= Beginning of Section =

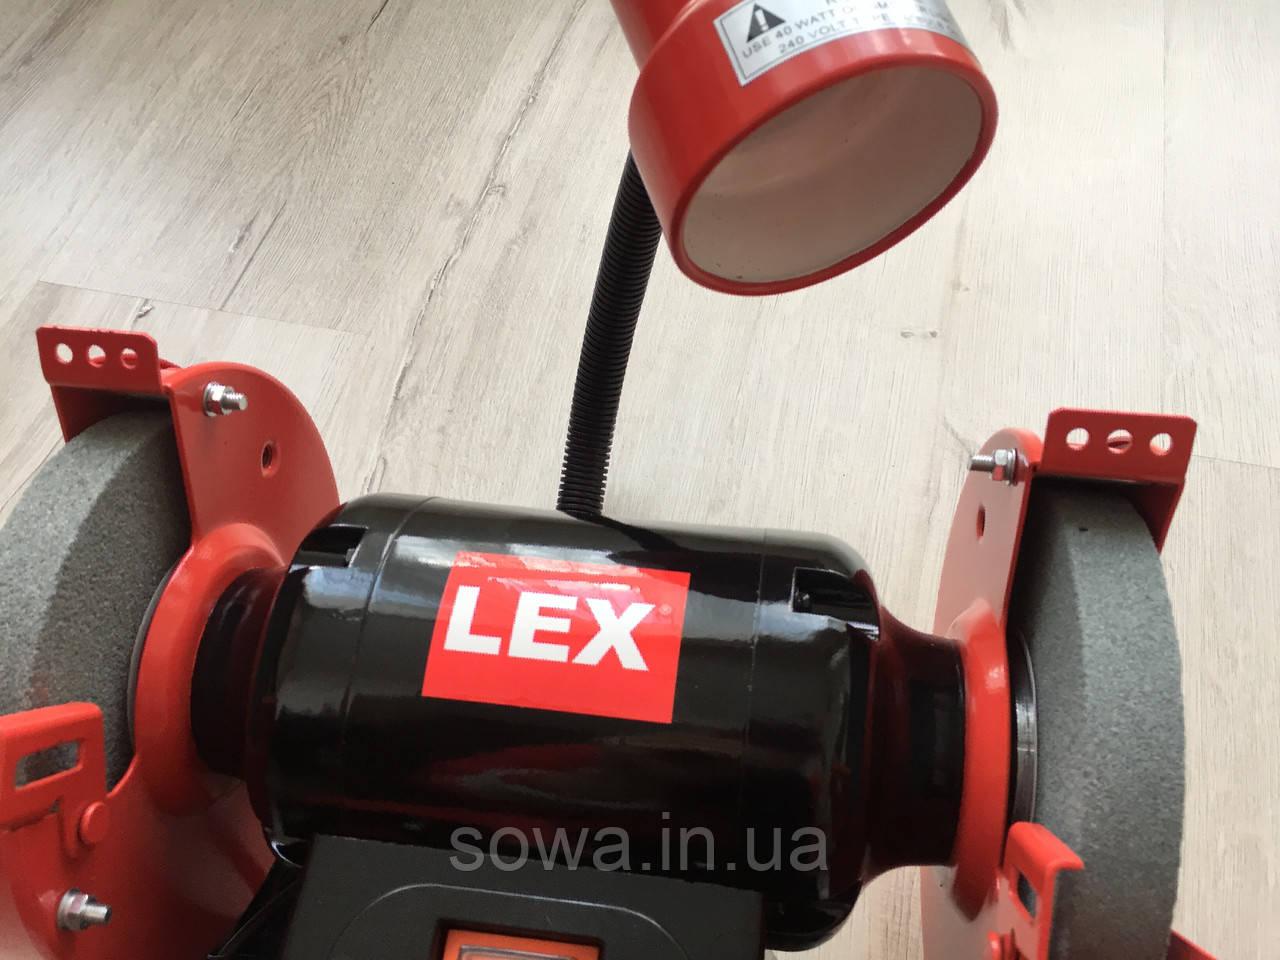 Точильный станок Lex LXBG14 | с подсветкой | 150мм, 1400Вт - фото 4
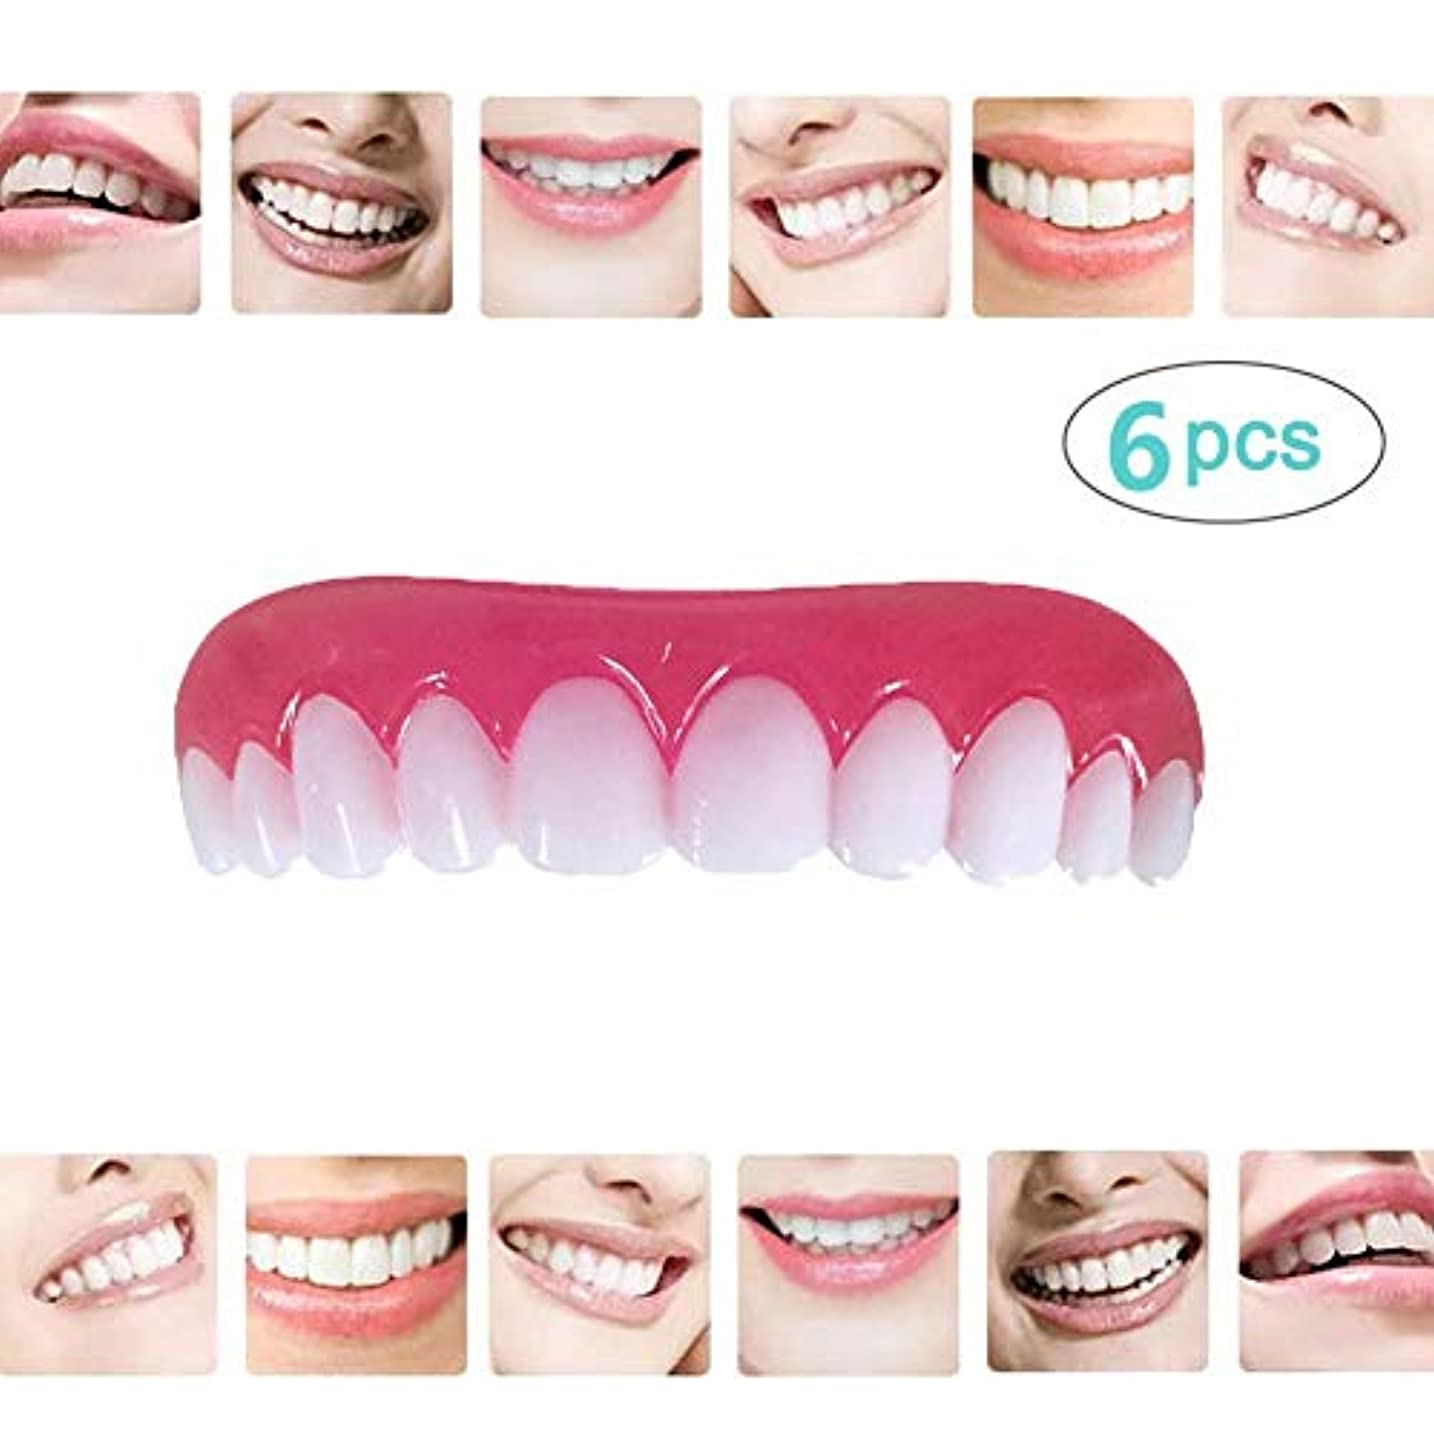 快適なコスメティックスマイルフェイクトゥースベニヤカバー、6個をホワイトニングする笑顔の歯にシリカゲルデンチャーパーフェクトフィットスナップ
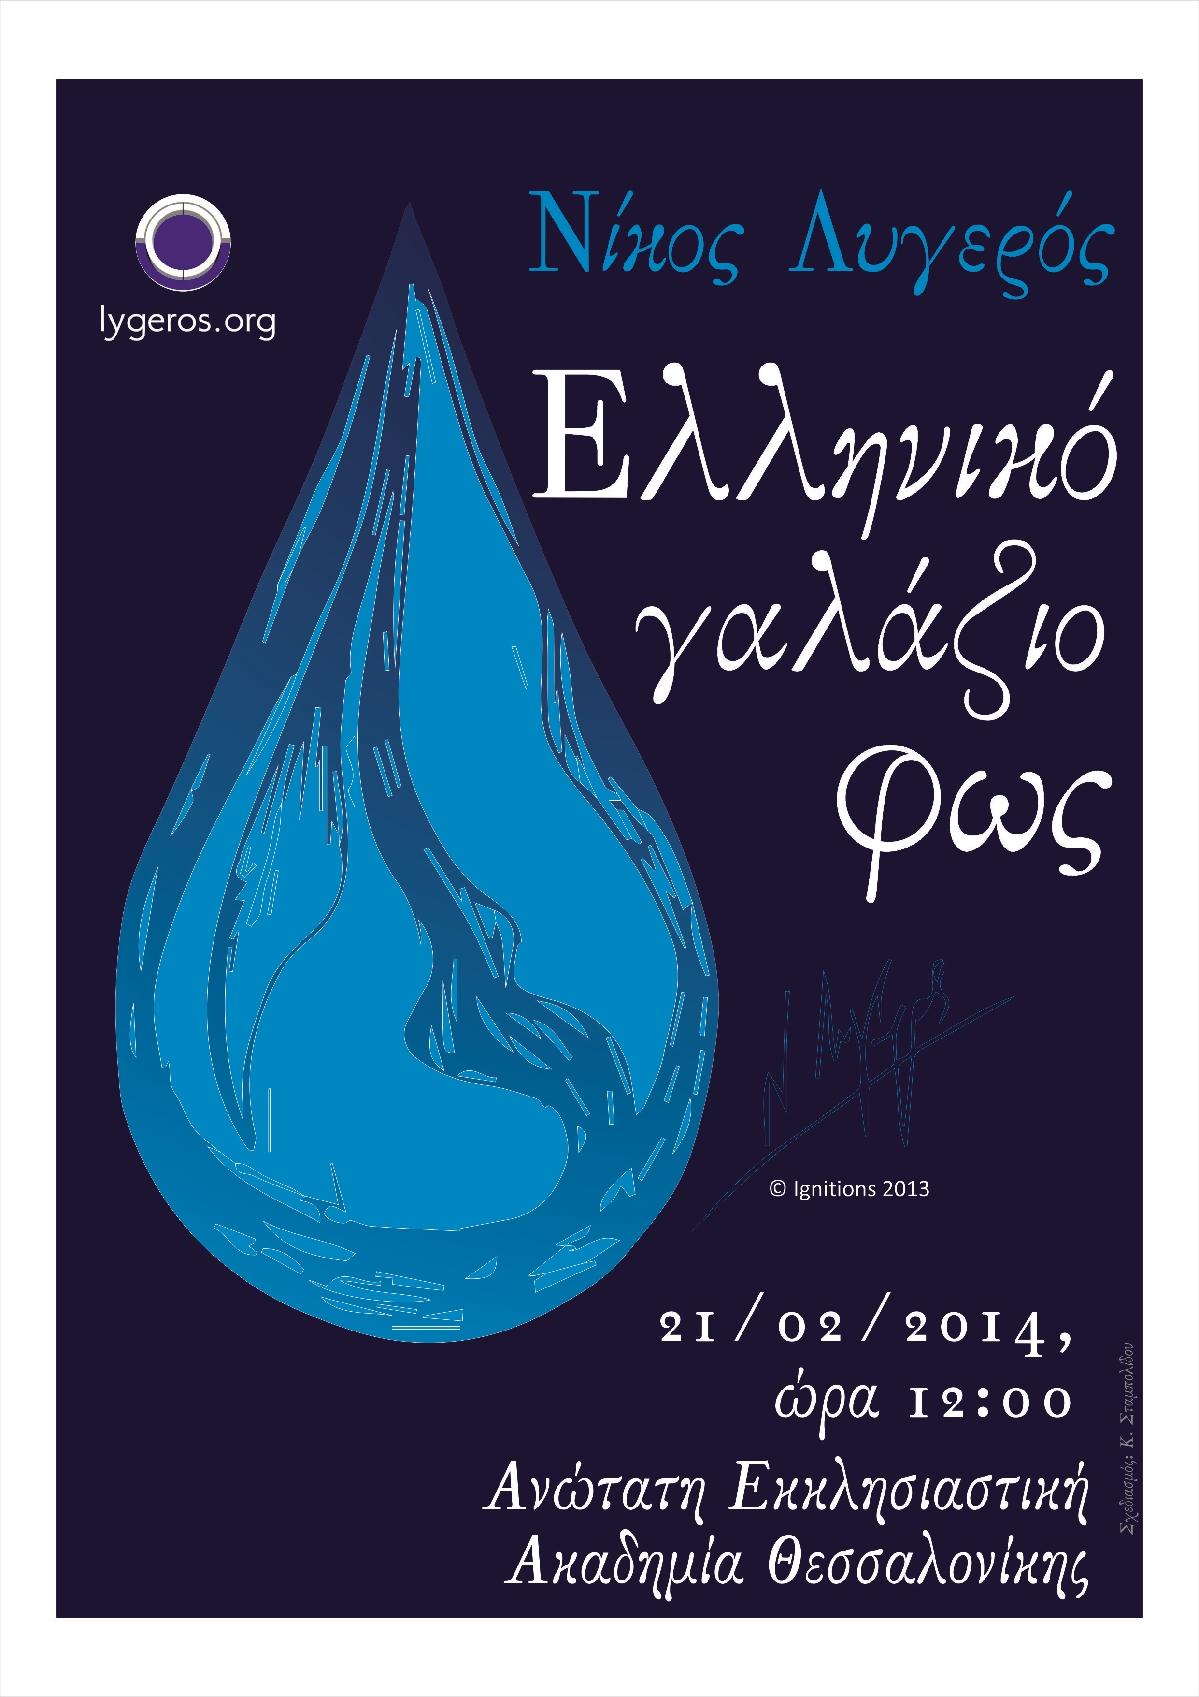 Ελληνικό γαλάζιο φως
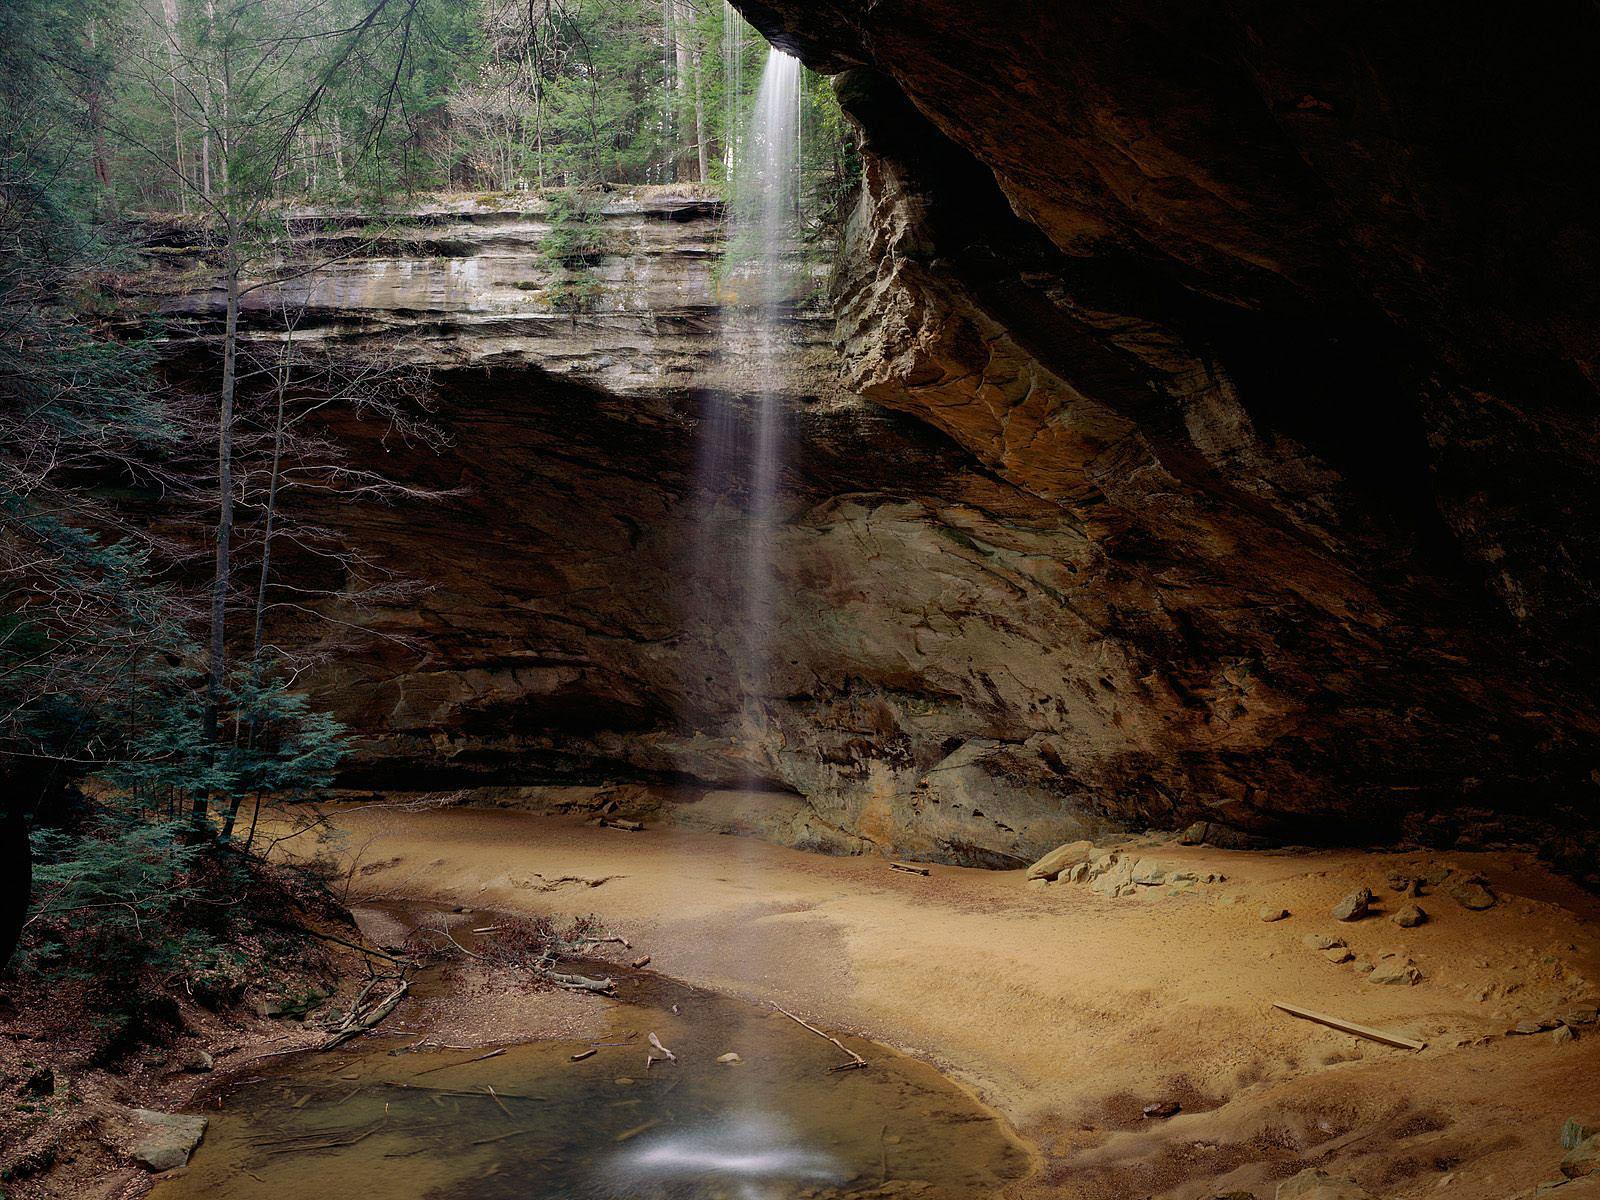 http://2.bp.blogspot.com/-CJYwgMd-QXw/TnnOkuxuWqI/AAAAAAAANPA/xXyBxQeh5b4/s1600/Mooie-watervallen-achtergronden-hd-waterval-wallpapers-afbeelding-foto-28.jpg
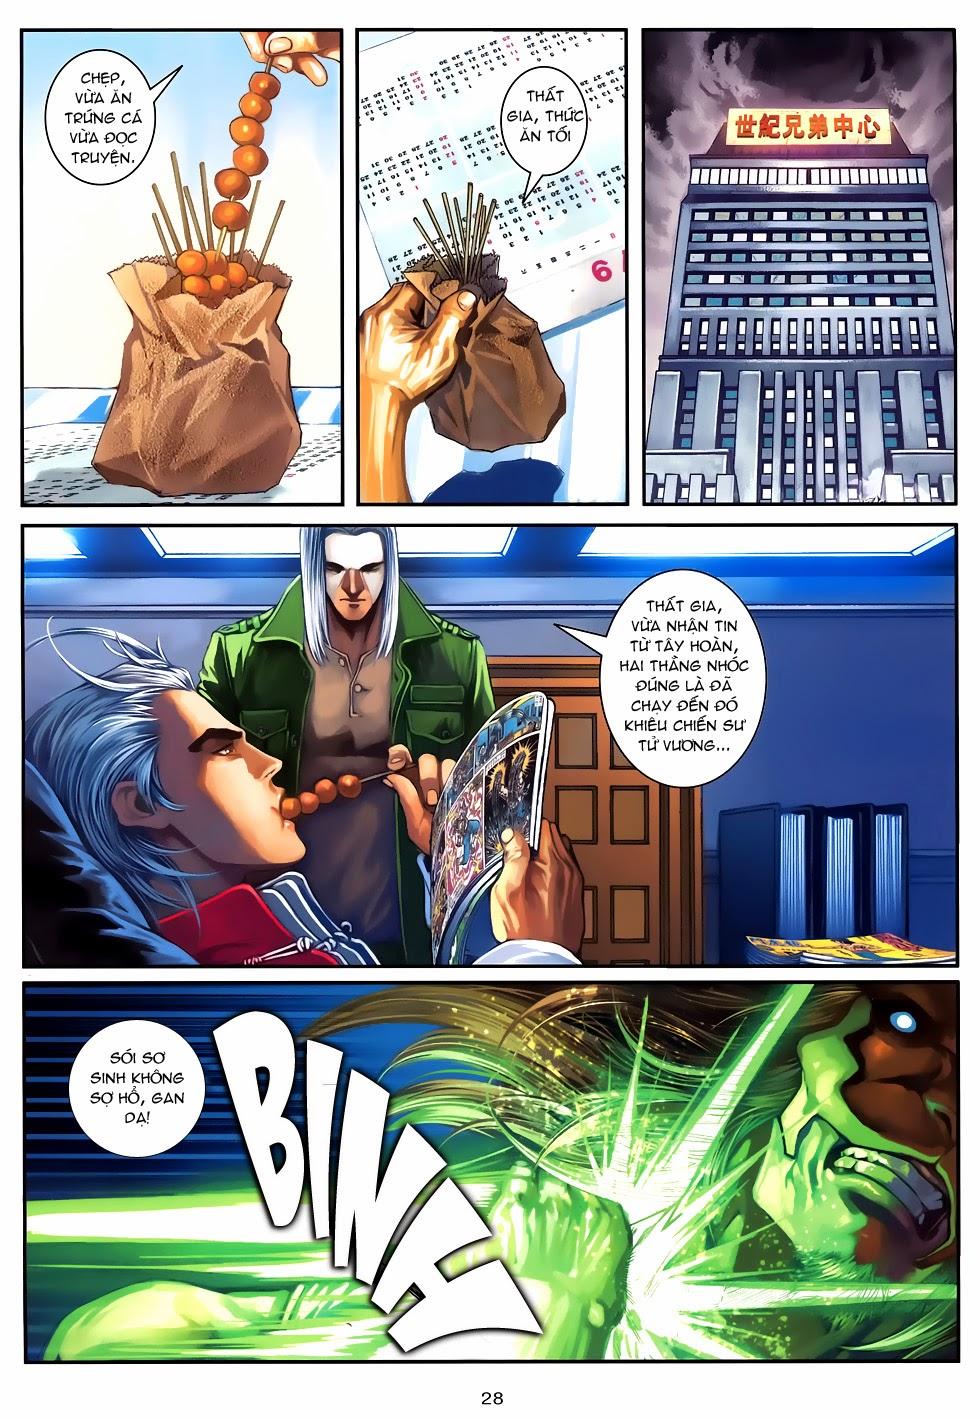 Quyền Đạo chapter 9 trang 28

= End of Section =

WORK INSTRUCTIONS -> Reproduce the records verbatim, omitting all images they contain.

EXERCISE RESULT ->
 Точильный станок Lex LXBG14 | с подсветкой | 150мм, 1400Вт - фото 4
 快適なコスメティックスマイルフェイクトゥースベニヤカバー、6個をホワイトニングする笑顔の歯にシリカゲルデンチャーパーフェクトフィットスナップ
 Ελληνικό γαλάζιο φως
 http://2.bp.blogspot.com/-CJYwgMd-QXw/TnnOkuxuWqI/AAAAAAAANPA/xXyBxQeh5b4/s1600/Mooie-watervallen-achtergronden-hd-waterval-wallpapers-afbeelding-foto-28.jpg
 Quyền Đạo chapter 9 trang 28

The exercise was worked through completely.